Neste projeto, serão seguidos experimentos físico-químicos da enzima lisina-cetoglutarato redutase (LKR/SDH), em estudos paralelos usando proteínas recombinantes, células humanas e extratos de plantas. A via da sacaropina é a principal via para o catabolismo da lisina em eucariotos, com conservação em plantas e animais. Nesta via, a lisina é convertida em a-aminoadipato por três reações enzimáticas, duas das quais são catalisadas pela enzima bifuncional aminoadipato semialdeído sintase (AASS) e a terceira pela enzima aminoadipato semialdeído desidrogenase (AASADH). A enzima AASS é bifuncional e abriga o domínio lisina-cetoglutarato redutase (LKR) que condensa lisina e a-cetoglutarato em sacaropina e o domínio sacaropina desidrogenase (SDH) que hidrolisa a sacaropina para formar glutamato e amino adipato semialdeído. Mutações em componentes dessa via levam ao acúmulo dos metabólitos de degradação de lisina, resultando em doença epilética (PDE).

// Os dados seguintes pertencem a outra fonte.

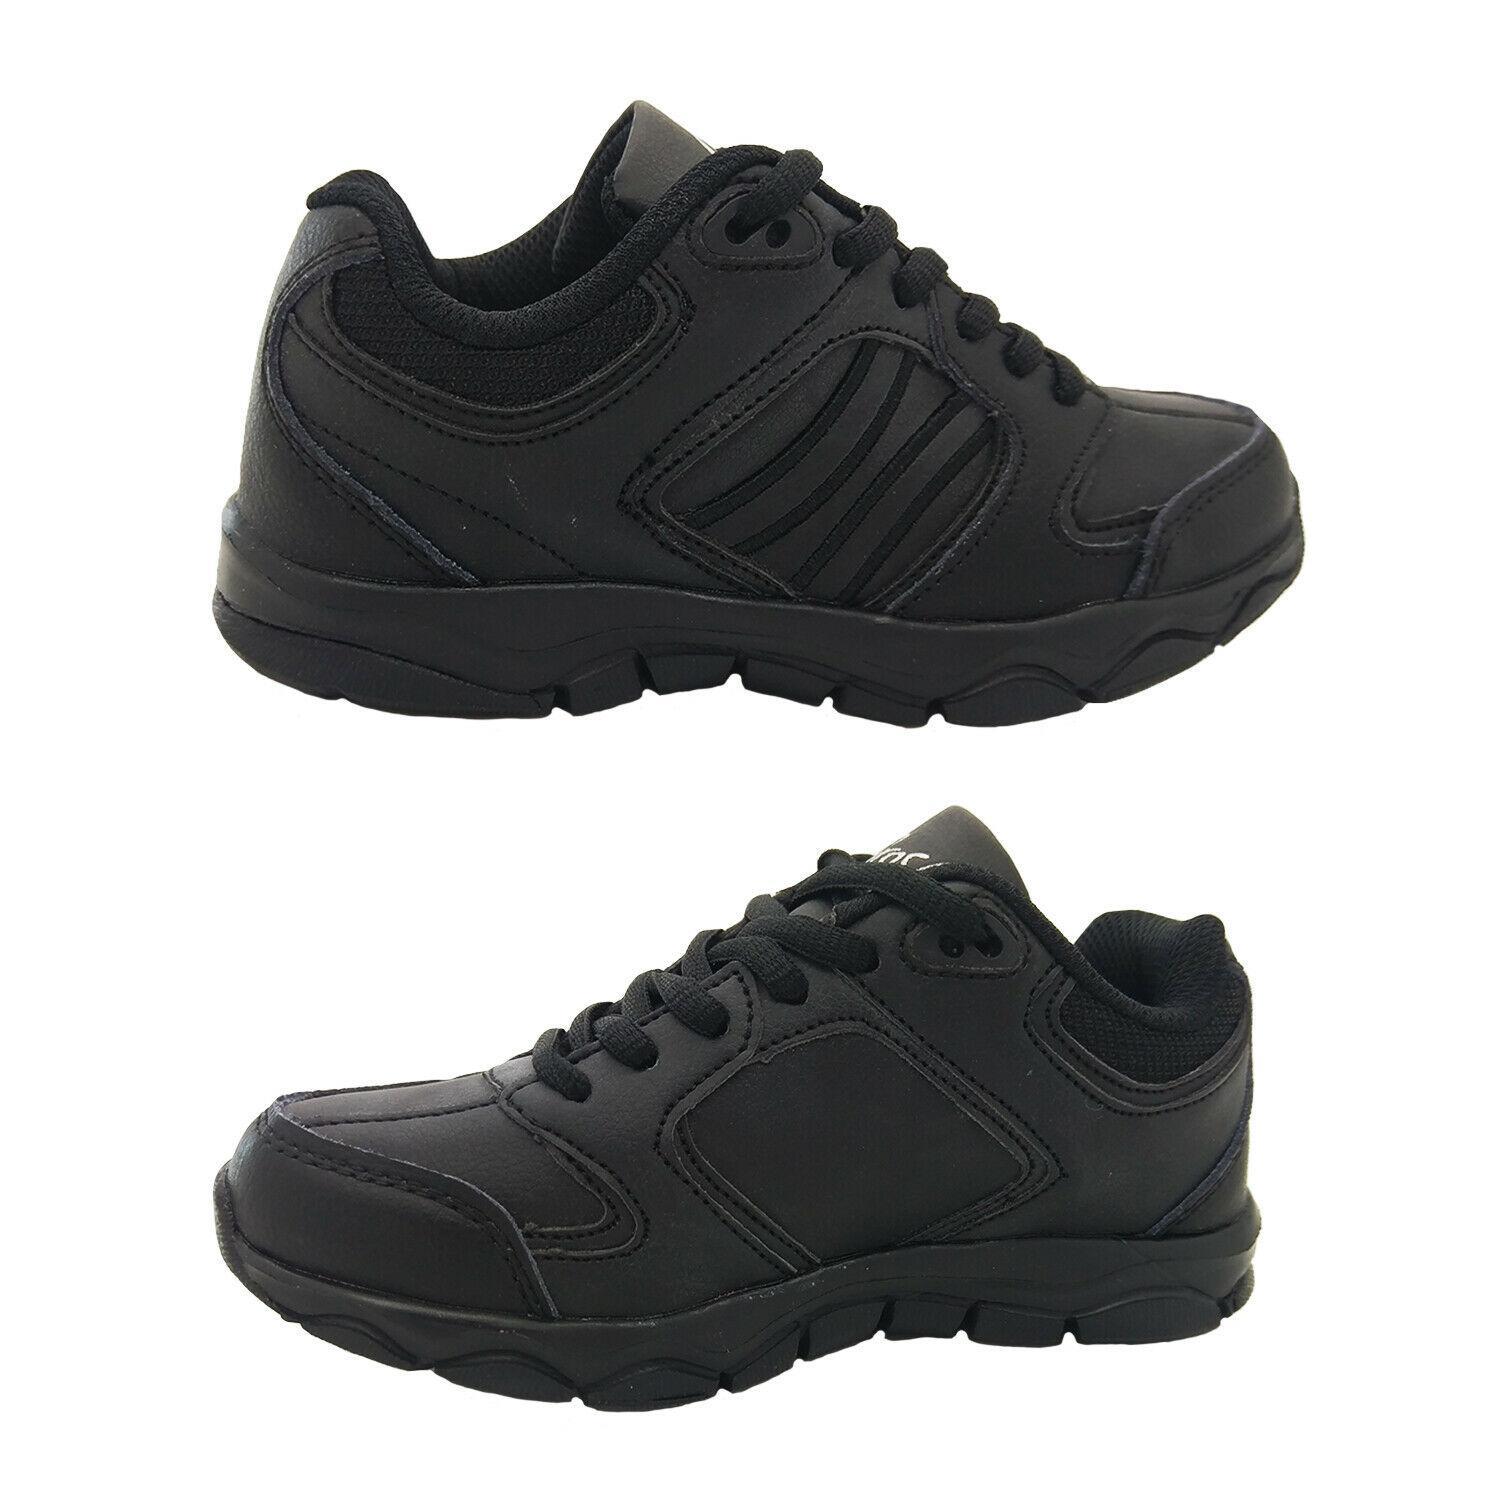 Boys Shoes Grosby Holt School Shoe Sneaker Lace up Lightweight Size 12-3 Black 1

Em plantas, a enzima LKR/SDH é bastante ativa a 18DAP-20DAP na semente e isso pode estar relacionado a uma maior tolerância a estresses bióticos e abióticos. Além disso, plantas de milho transgênicas superexpressando os genes LKR/SDH e mutantes serão avaliadas quanto a resposta a estresses bióticos e abióticos. O objetivo principal do projeto é entender a via da sacaropina frente a estresses bióticos e abióticos em diferentes modelos biológicos desenhando e executando experimentos de cinética enzimática da enzima LKR/SDH, e analisando plantas transgênicas e mutantes.